EXERCISE REQUIREMENTS: What is needed is a word-for-word copy of the lines below from the one with "Informatizaçao das Unidades" through the one with "強制動かないエイズインテリア 日用雑貨 掃除用品", both included, with every picture left out.

INFORMATION:
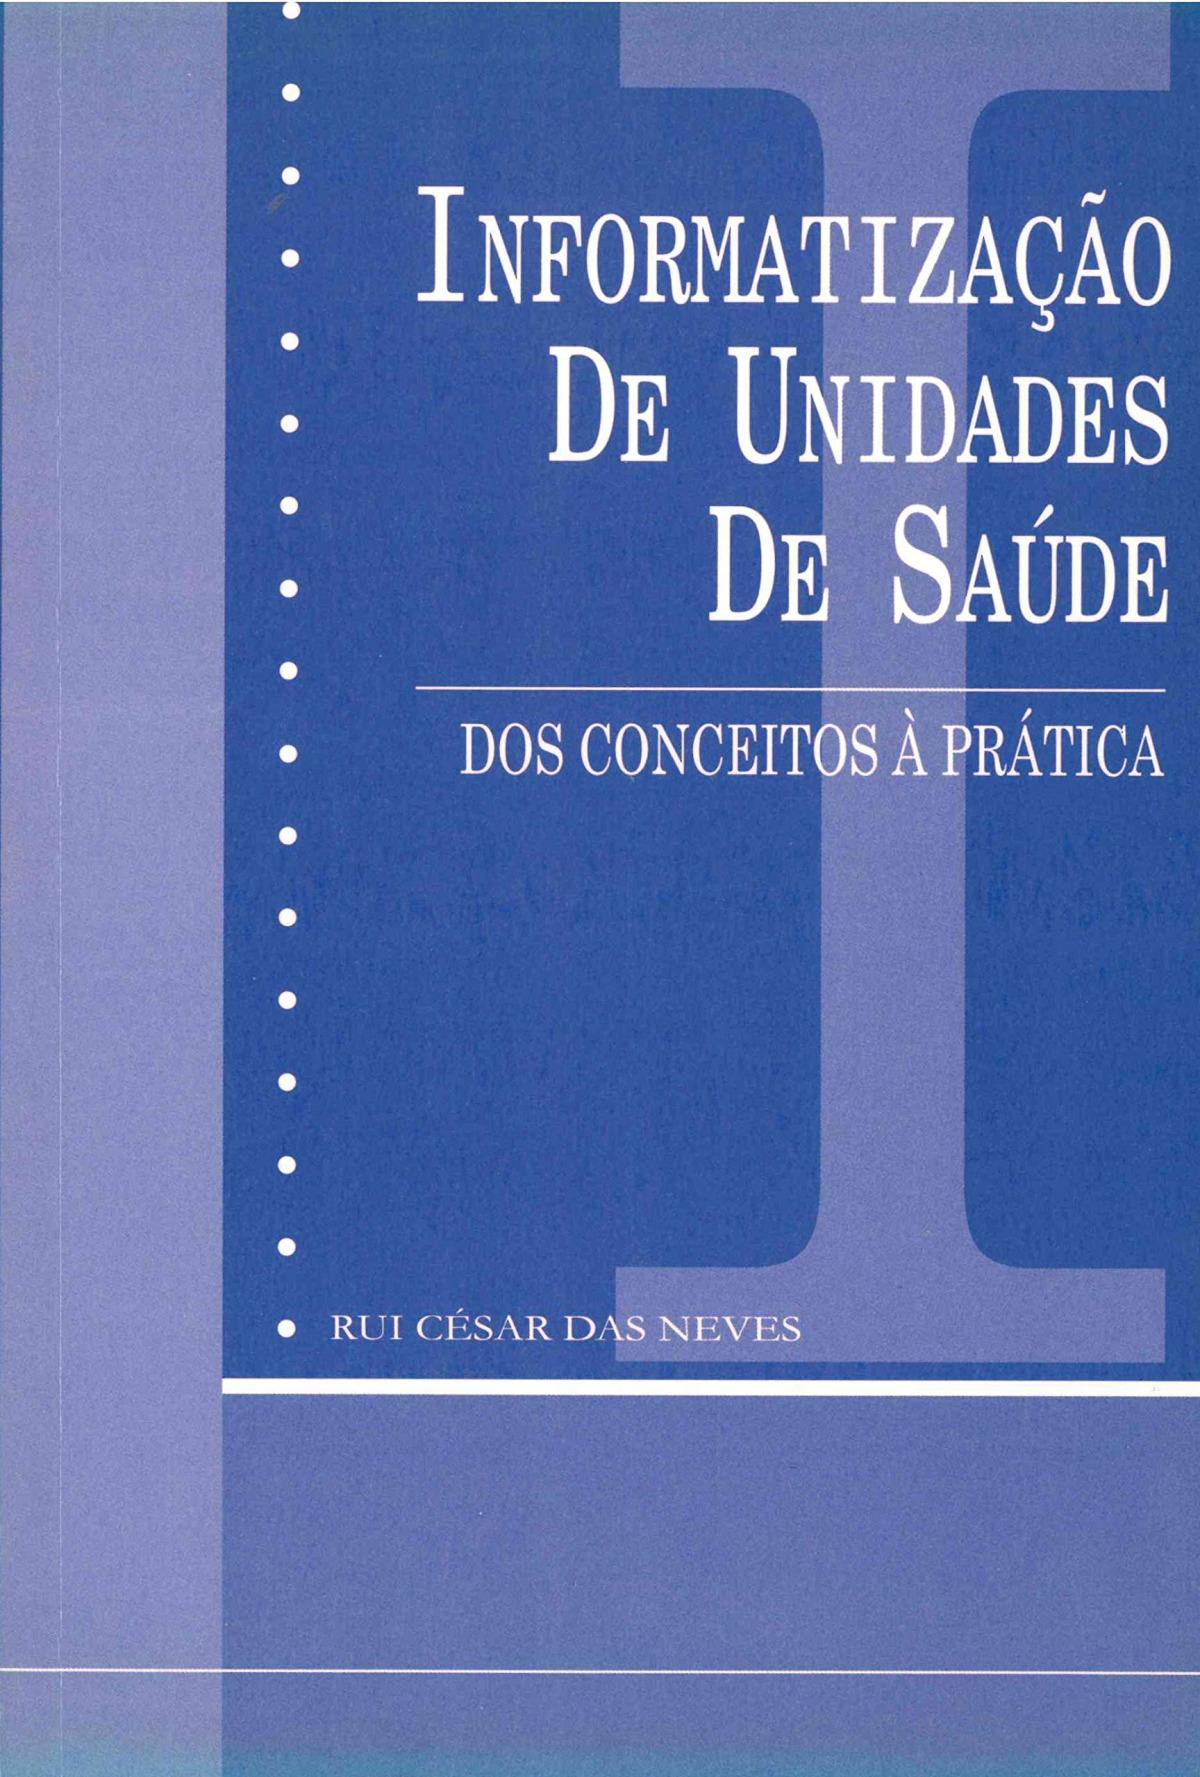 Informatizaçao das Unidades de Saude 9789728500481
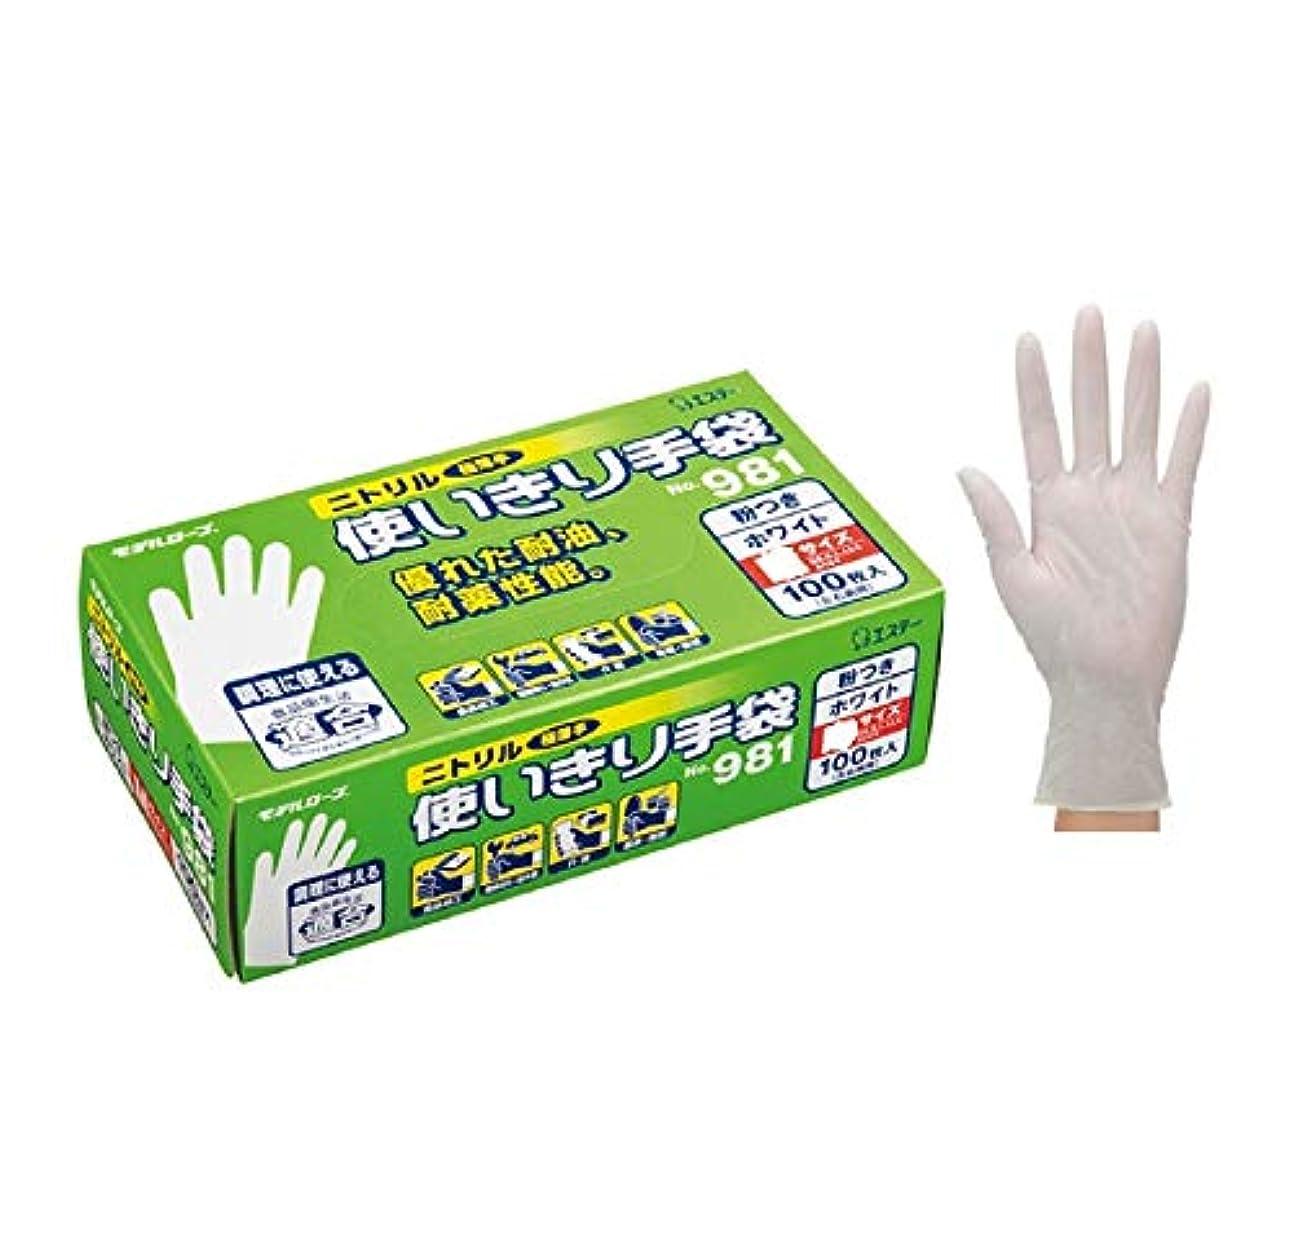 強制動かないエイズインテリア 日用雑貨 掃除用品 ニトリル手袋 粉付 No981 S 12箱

...

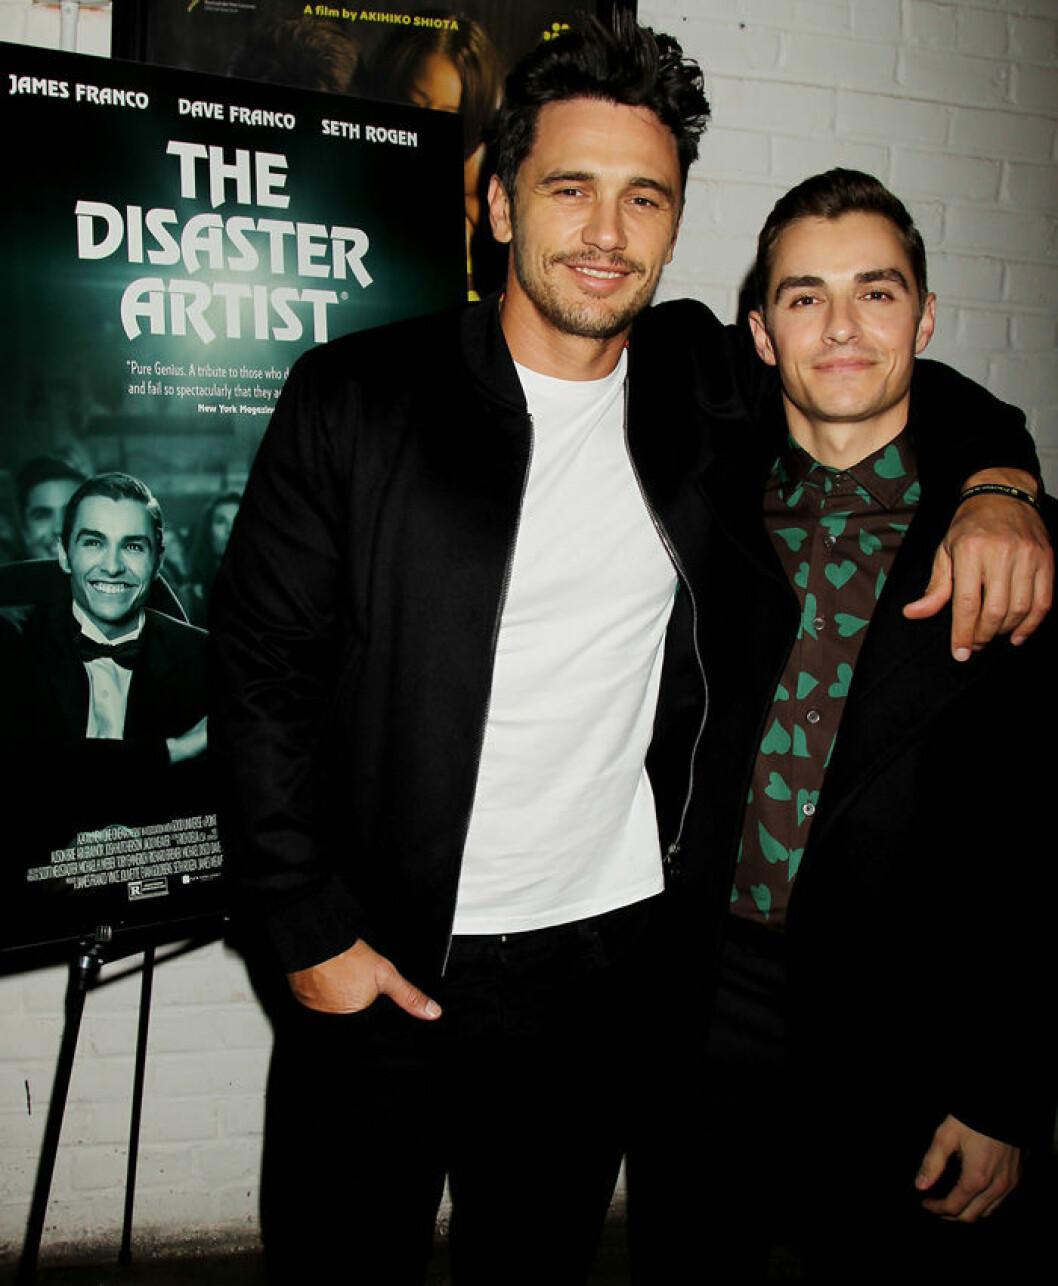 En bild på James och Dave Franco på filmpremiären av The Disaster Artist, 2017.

SOLVED PROBLEM:
 Informatizaçao das Unidades de Saude 9789728500481
 強制動かないエイズインテリア 日用雑貨 掃除用品 ニトリル手袋 粉付 No981 S 12箱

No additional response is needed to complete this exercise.